Federalism

Introduction:

According to the traditional classification which was followed by the political scientists, constitutions are either unitary or federal in nature. In unitary construction, the powers of the government are centralized in one government which is the central government. In a federal set up on the other hand, there is a division of powers between the central and the state government and both are independent in their own spheres. Our Indian constitution is also federal in nature.



Federal Principal:-

By ‘Federal principles’ Prof. K.C. Wheare observed that it means the method of dividing powers, basically to enable the general and regional government to co-ordinate and be independent in their own sphere.

What is federalism?

Federalism is a system of government in which power is divided between a central authority and various constituent units of the country.

The virtual division of powers among the different levels of the government is termed federalism.

Levels of Government:-

1. One government exists at the national or central level which primarily is responsible for the entire nation as a whole.

It particularly looks after the subjects which are of national importance.

2. Other government exists at the state level or at the provincial level which looks after the day-to-day administration of their respective states and also follows the guidelines of the central government.

Essential characteristics of a federal Constitution:-

A federal constitution usually has the following essential features:

1. Distribution of powers: The distribution of power between various levels of Government is an essential feature. There are two or more levels of the government. The authority of each tier of government is constitutionally guaranteed.

2. Supremacy of construction:-

A federal setup derives its very existence from the constitution of the nation. Every power be it executive, legislative, or judicial in nature is controlled ultimately by the constitution which is the supreme law of the country.

3. A written constitution:-

The foundation of a federal state is complicated in nature which makes it almost a necessity that a federal constitution should be a written constitution. It would be practically impossible to maintain the supremacy of the constitution unless its terms have been reduced to writing.

4. Rigidity: - A constitution with being the supreme law of the land should also be rigid in nature. Rigidity here means that the procedure for amendment is complicated and difficult

5. Authority of Courts:-

Judiciary is considered an important as well as an impartial authority that is beyond the federal or state legislature under the constitution and so it has the special power to interpret the constitution.

Federalism in India:-

The Indian constitution provides for a two-tier system of government: The union or the central government and the state governments.
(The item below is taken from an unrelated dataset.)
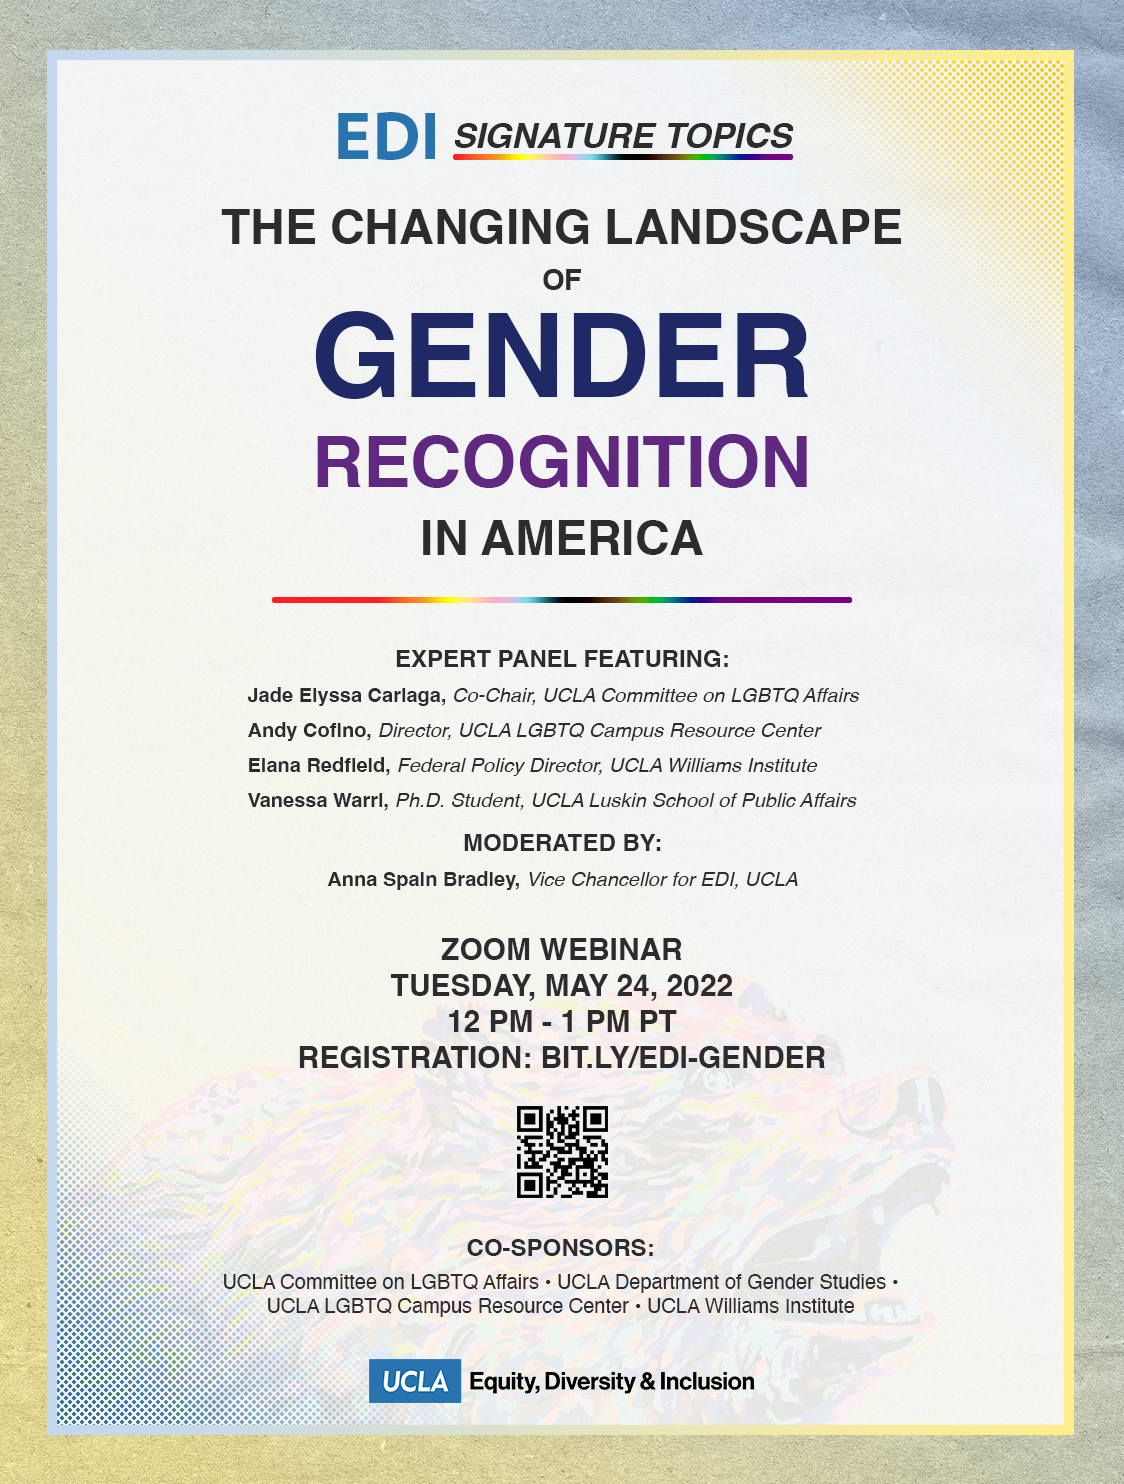 flyer for edi signature topics - the changing landscape of gender recognition in america, taking place on tuesday, may 24, 2022 at 12 pm

Later on panchayats and municipalities were also added.

The constitution contains three different lists which are as follows –

1. Union List:

It includes subjects related to national importance such as defense, foreign affairs, currency, communication and currency.

The Union government is empowered to make laws on the subjects mentioned in this list.

2. State list:

This list contains subjects of state and local importance.
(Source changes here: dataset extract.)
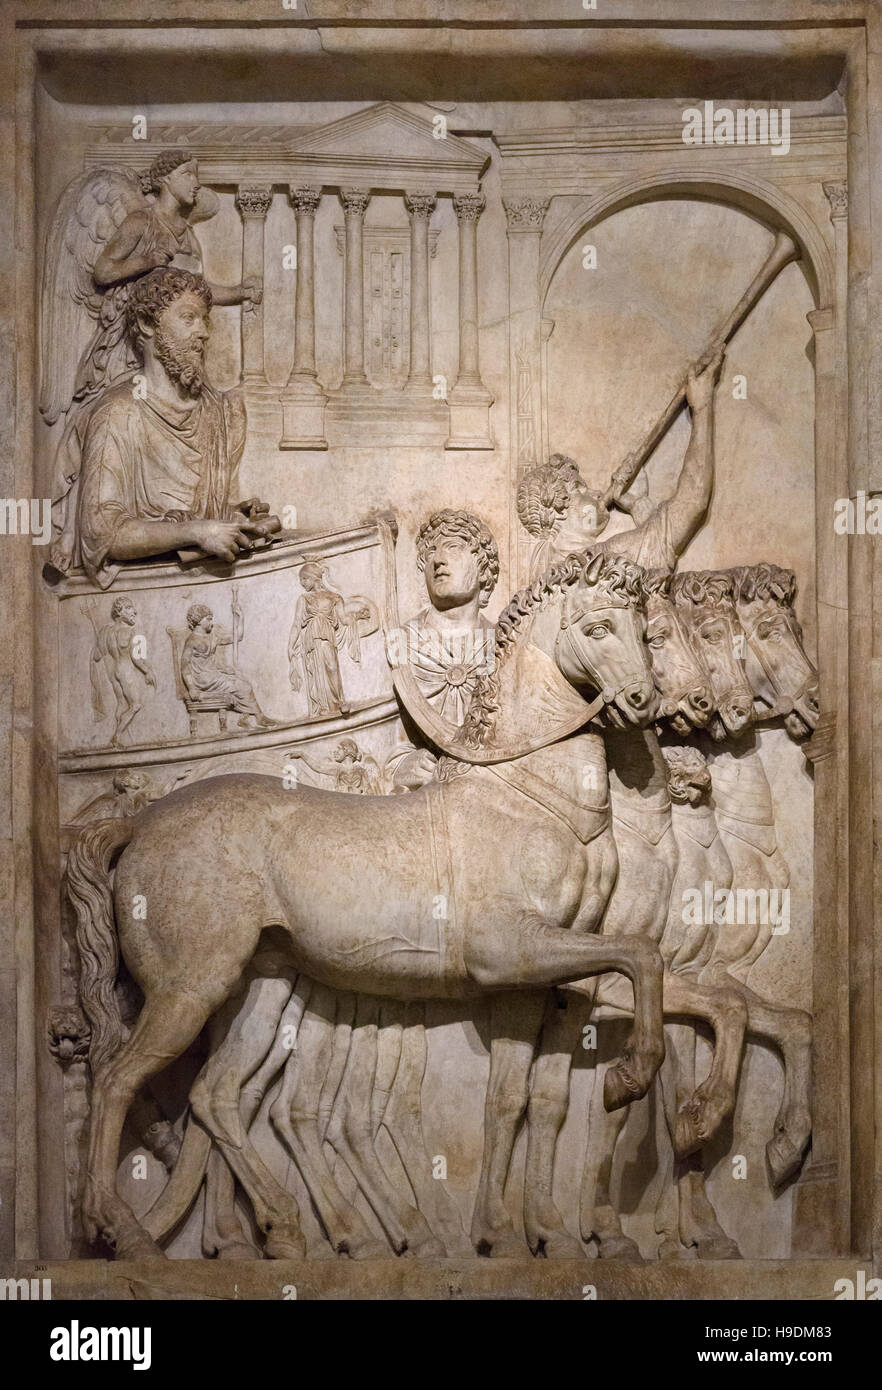 Rome. Italy. Relief panel (176-180 AD) depicting the triumph of Marcus Aurelius over the Germanic peoples and Sarmatians, Capitoline Museum. Stock Photo

These laws are made specifically by the concerned state government.

Subjects like police, trade and commerce, agriculture and irrigation.

3. Concurrent List:-

This list contains subjects of common interest for both union and state governments which includes education, forests, trade union, marriage adoption and succession.

Both union and state governments have the power to make laws on the subjects mentioned under this list.
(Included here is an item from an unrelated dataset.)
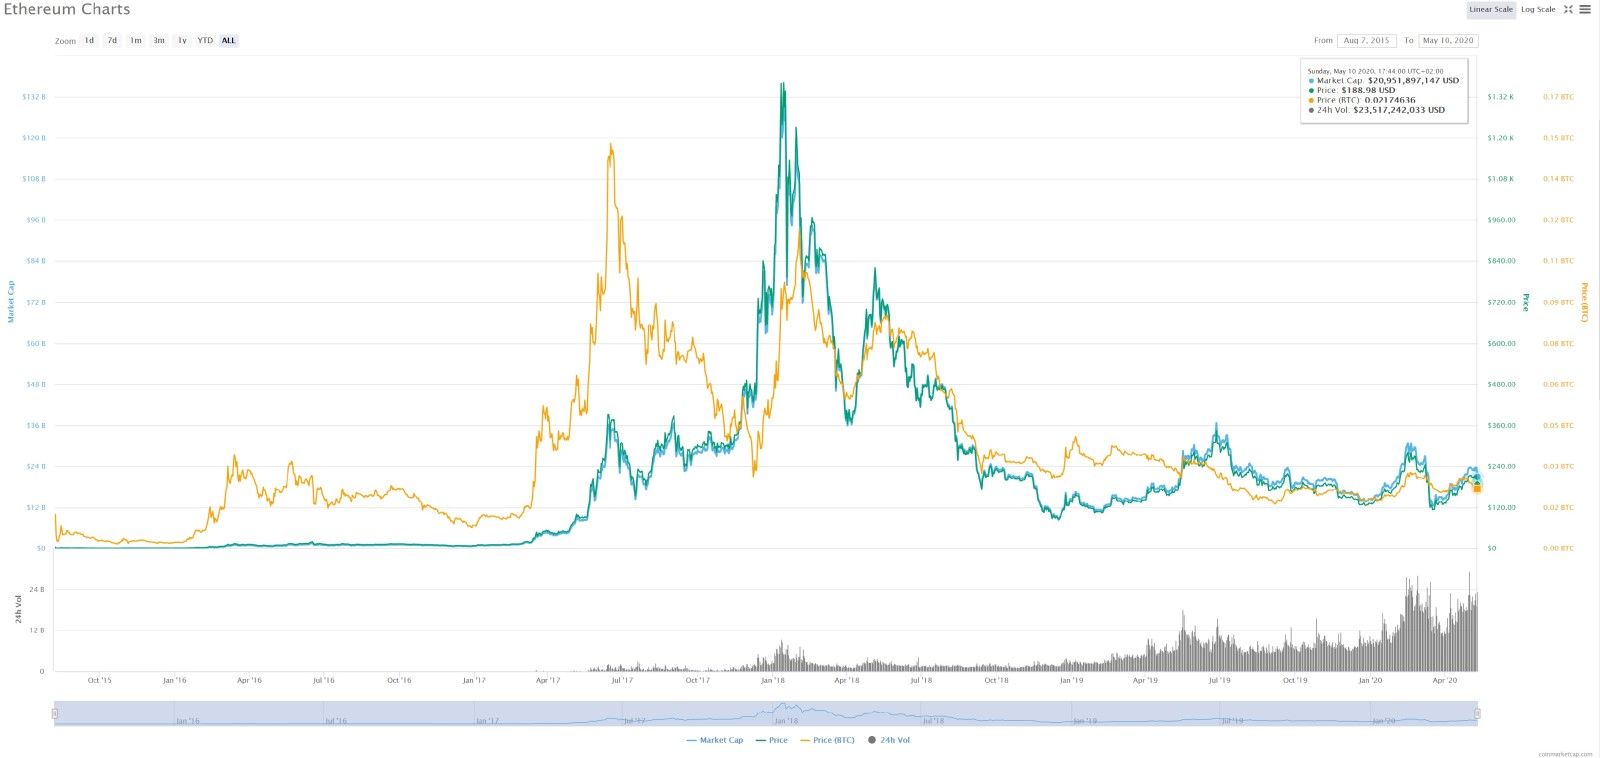 The price history of ETH, in USD and Bitcoin

How is federalism practiced?


Below are some ways mentioned in which federalism is practiced in India Linguistic states:-

The successful creation of linguistic states was a major test of democratic politics in India. From the time of independence till the present day many states have vanished and many new States have been created.

In 1947, the boundaries of various old states were changed to ensure that people speaking lived in the same state.

Language policy:-

Hindi was identified as the official language. Besides Hindi, there are 21 other languages that are recognized as scheduled languages by t constitution.

Decentralisation in India:-

The process of taking away power from the central and state governments and giving it to local governments is known as decentralization. The main aim is to enable the local government to participate in decision-making and also to give them the power to resolve issues at the local level.

In 1992 an initiative was taken by the Indian government by amending the constitution and creating a three-tier system of government.


Following steps were taken to make it effective:

1. Elections were made constitutionally mandatory for these local bodies.

2. There was the reservation of seats for the scheduled castes, scheduled Tribes and other backward classes.

3. One-third reservations of seats were made for women.

4. State Election commission was established to conduct elections in a smooth manner at the panchayat and municipal levels.

5. Some share of power and revenue from the state government was given to these local bodies.

Panchayati Raj: Rural local government is popularly called the Panchayat Raj. Each village consists of a panchayat consisting of members who are directly appointed for a term of five years. These panchayats at the village level work under the supervision of Gram Sabha. Many Gram Panchayats grouped together form panchayat Samiti or Block. All the panchayat Samitis together constitute Zila Parishad at the district level.

Municipalities: Just like there are Gram Panchayats at the village level similarly municipalities are there for urban areas. Municipal corporations are constituted for big cities. Chairperson is the head of the municipality and he is called a Mayor.

Conclusion:-

It can be concluded here that federalism is the most remarkable feature of our Indian constitution giving independence and recognition to governments at various levels in the nation.